(PROBLEM DETAILS):
The answer consists solely of the lines running from the one with "Comparison of British and American English" through the final line below, transcribed exactly and without any pictures.

(INPUT DATA):
* * *

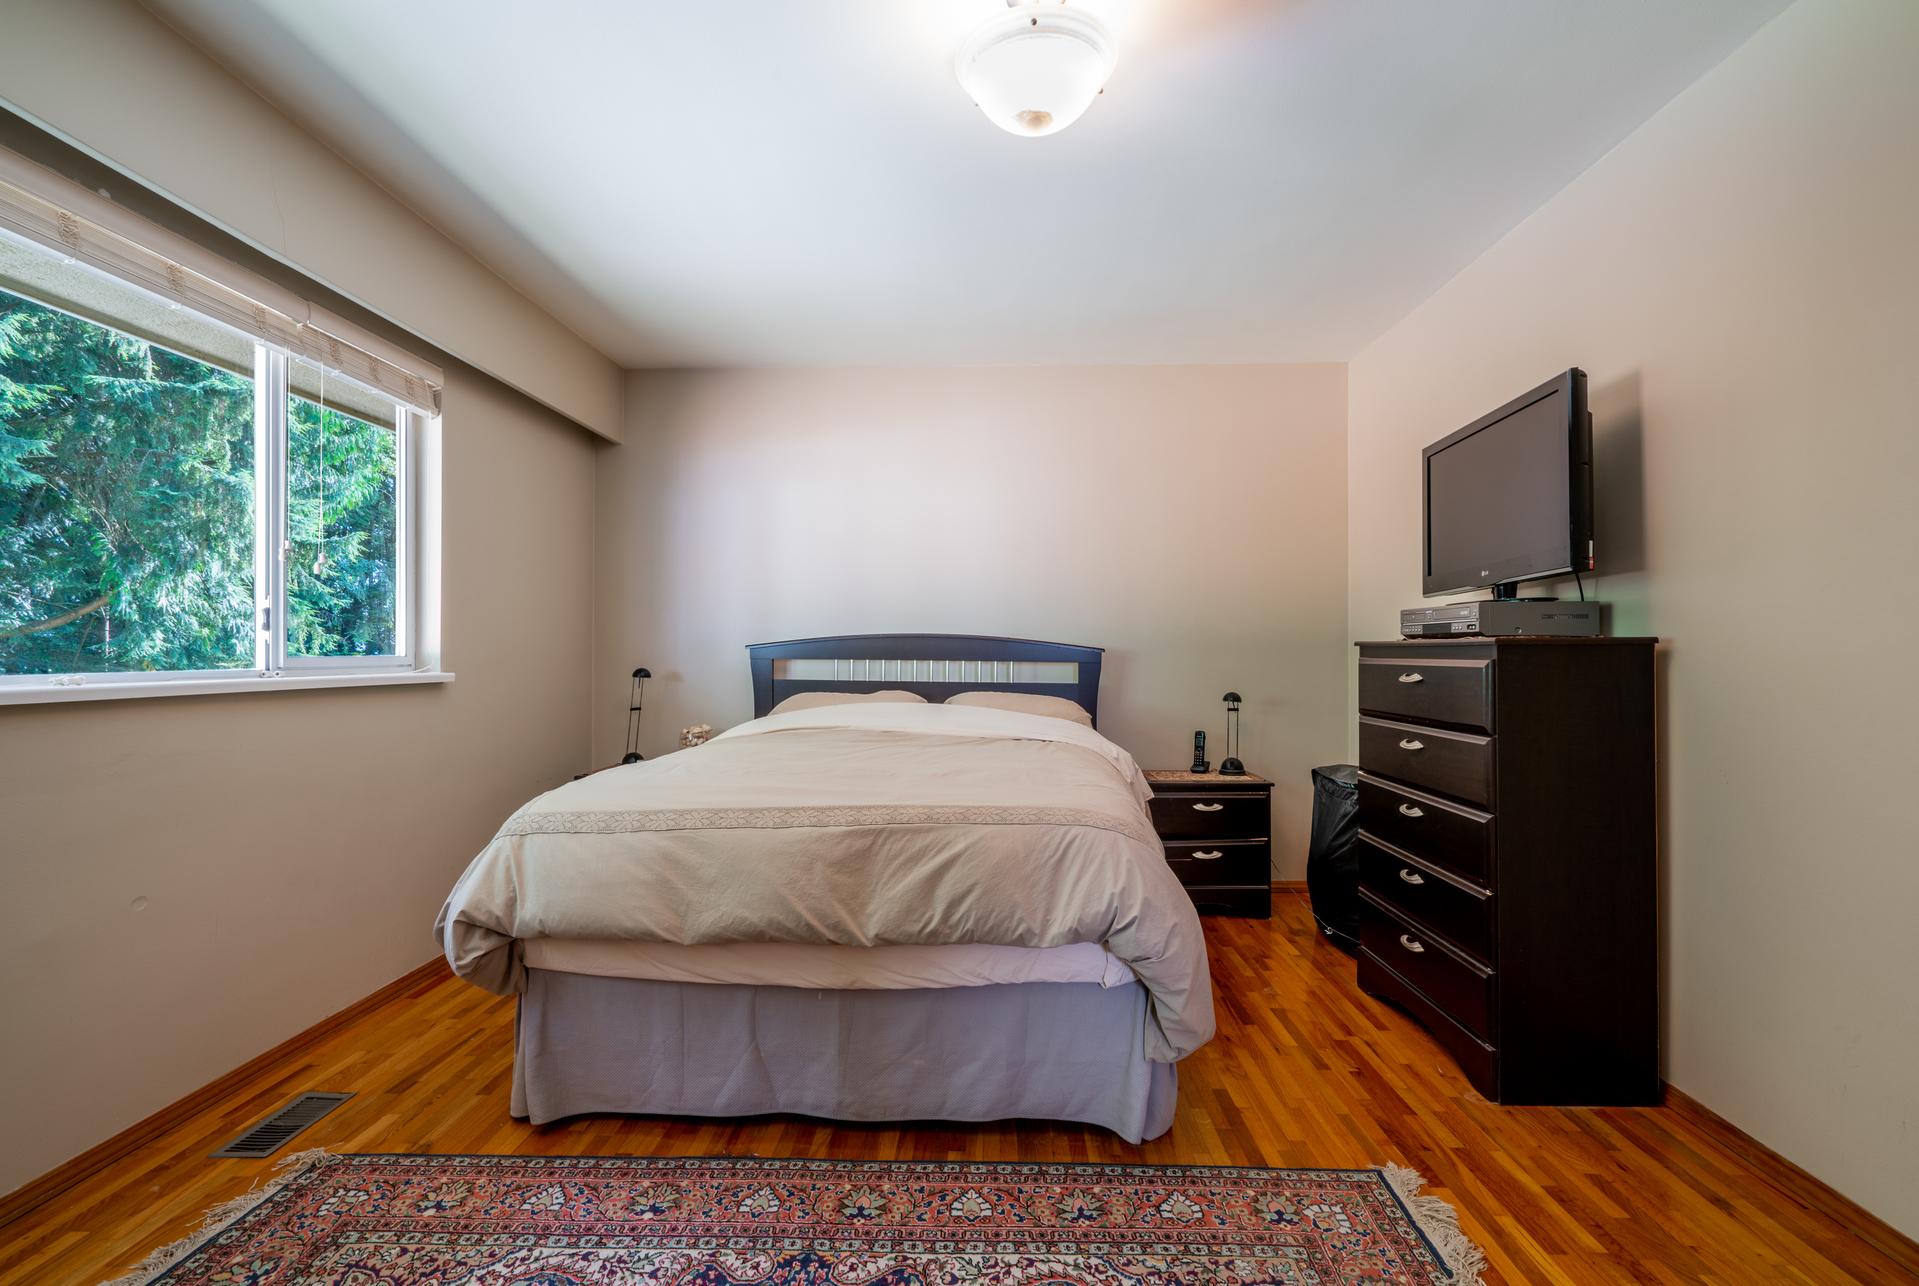 4034-delbrook-avenue-north-vancouver-18 at 4034 Delbrook Avenue, Upper Delbrook, North Vancouver
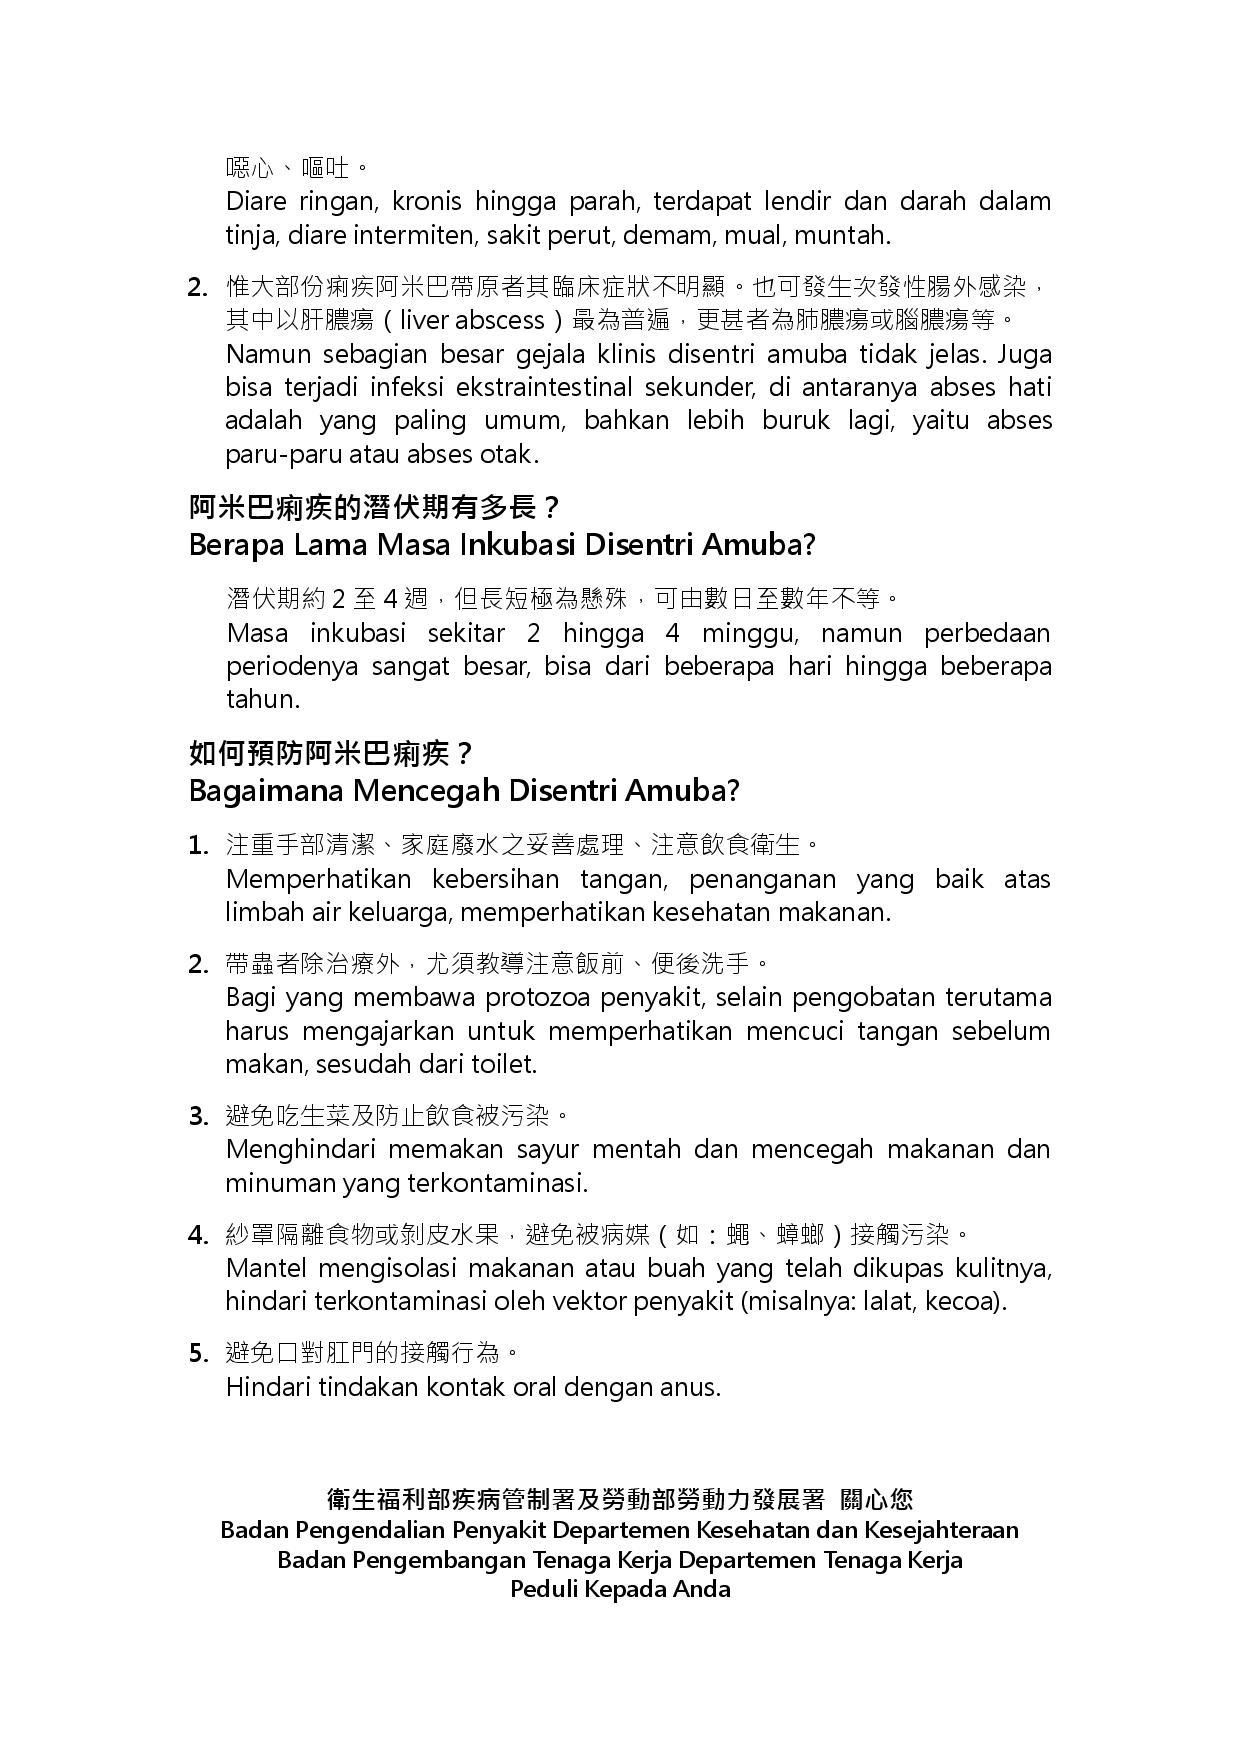 詳如附件【Klik】Mencegah Disentri Amuba(Halaman 2)預防阿米巴痢疾(印尼文)
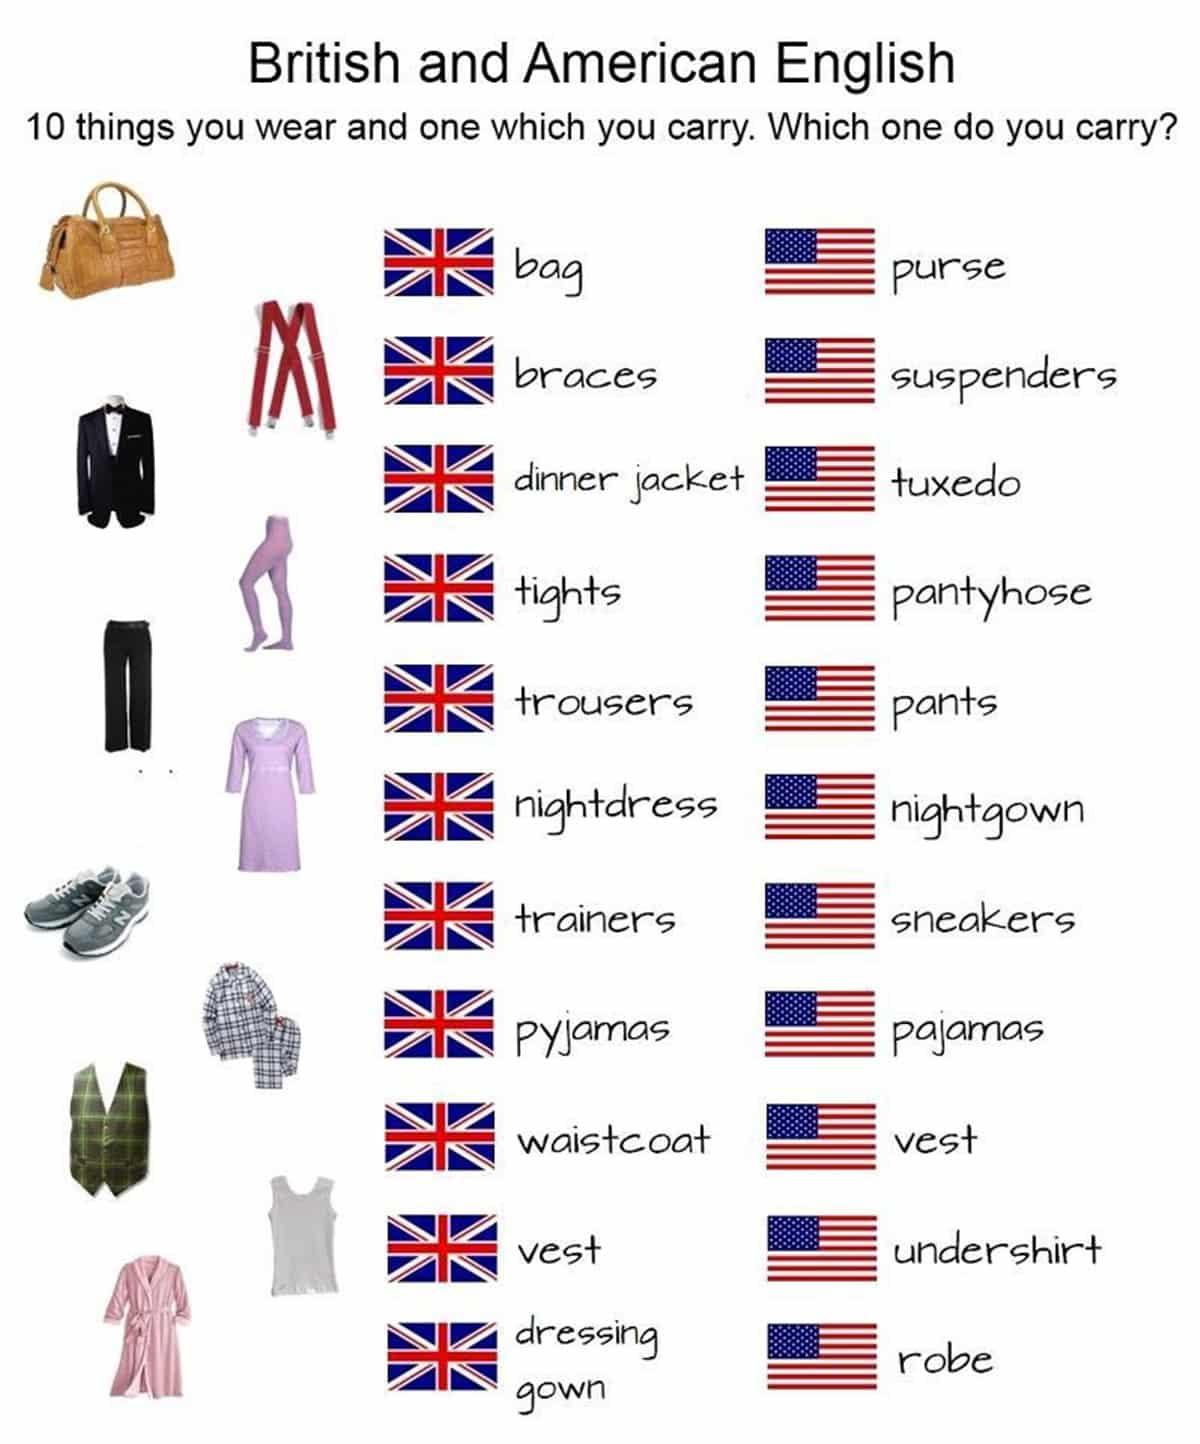 Comparison of British and American English
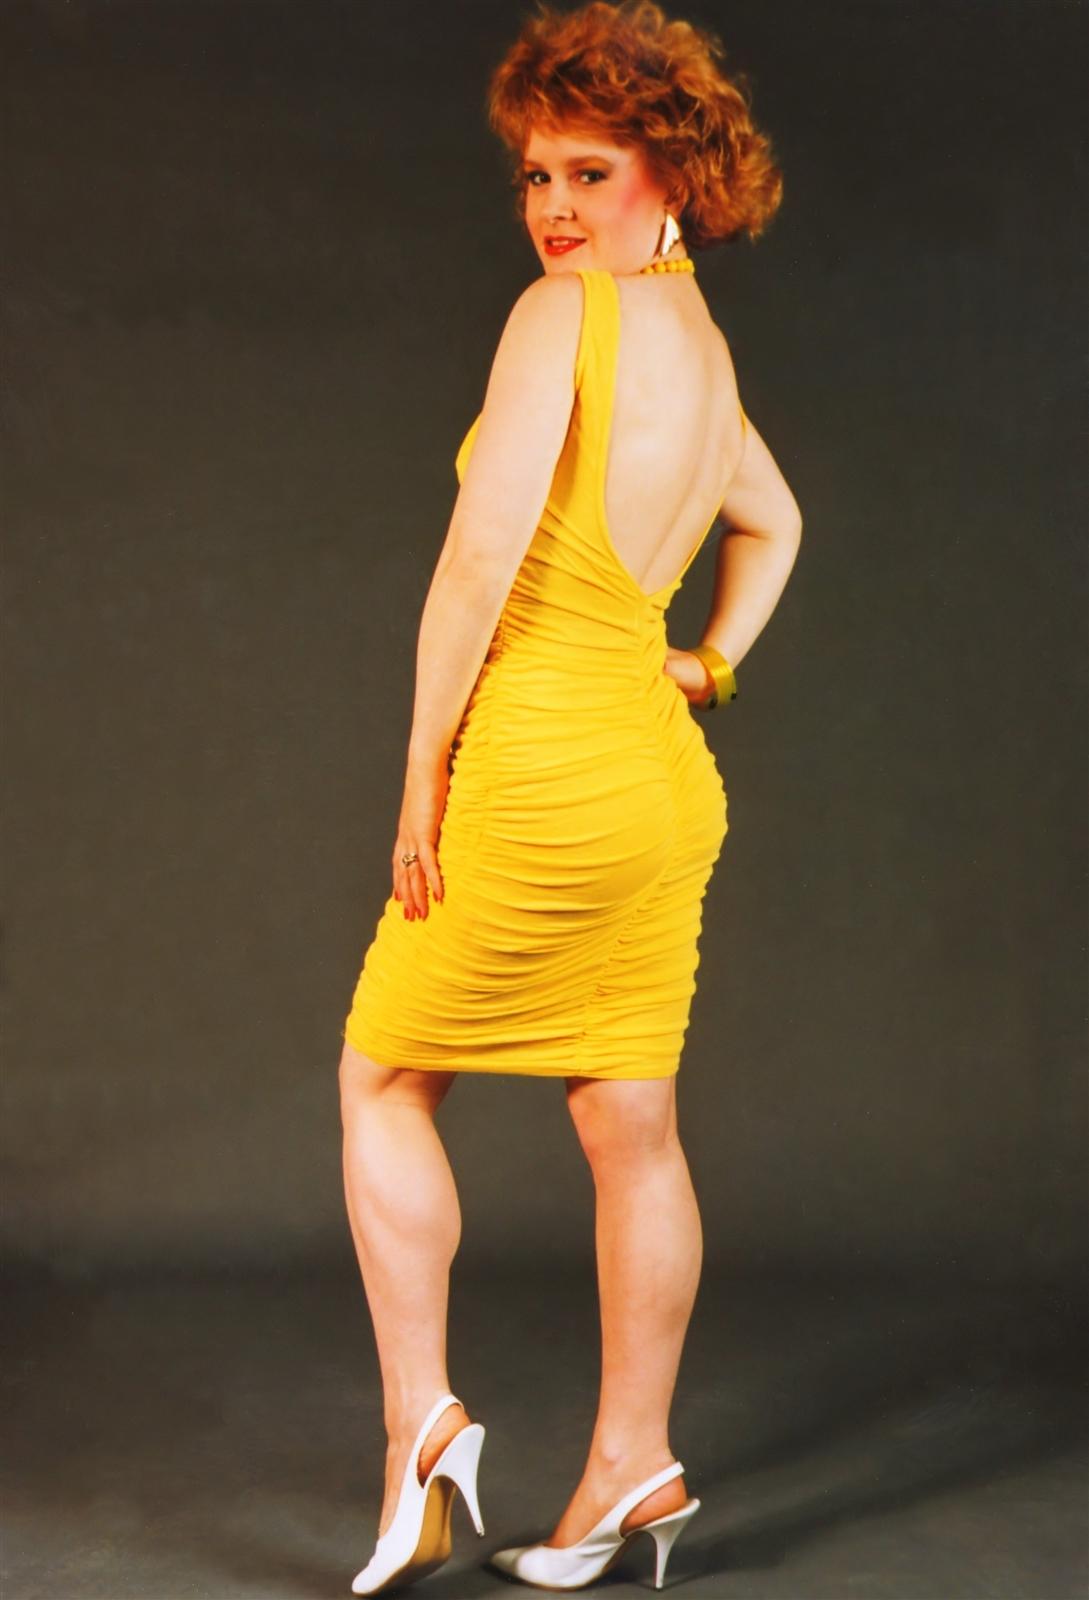 Her Calves Muscle Legs: Muscular Calves Ladies - set 2

* * *

(EXPECTED ANSWER):
 Comparison of British and American English
 Her Calves Muscle Legs: Muscular Calves Ladies - set 2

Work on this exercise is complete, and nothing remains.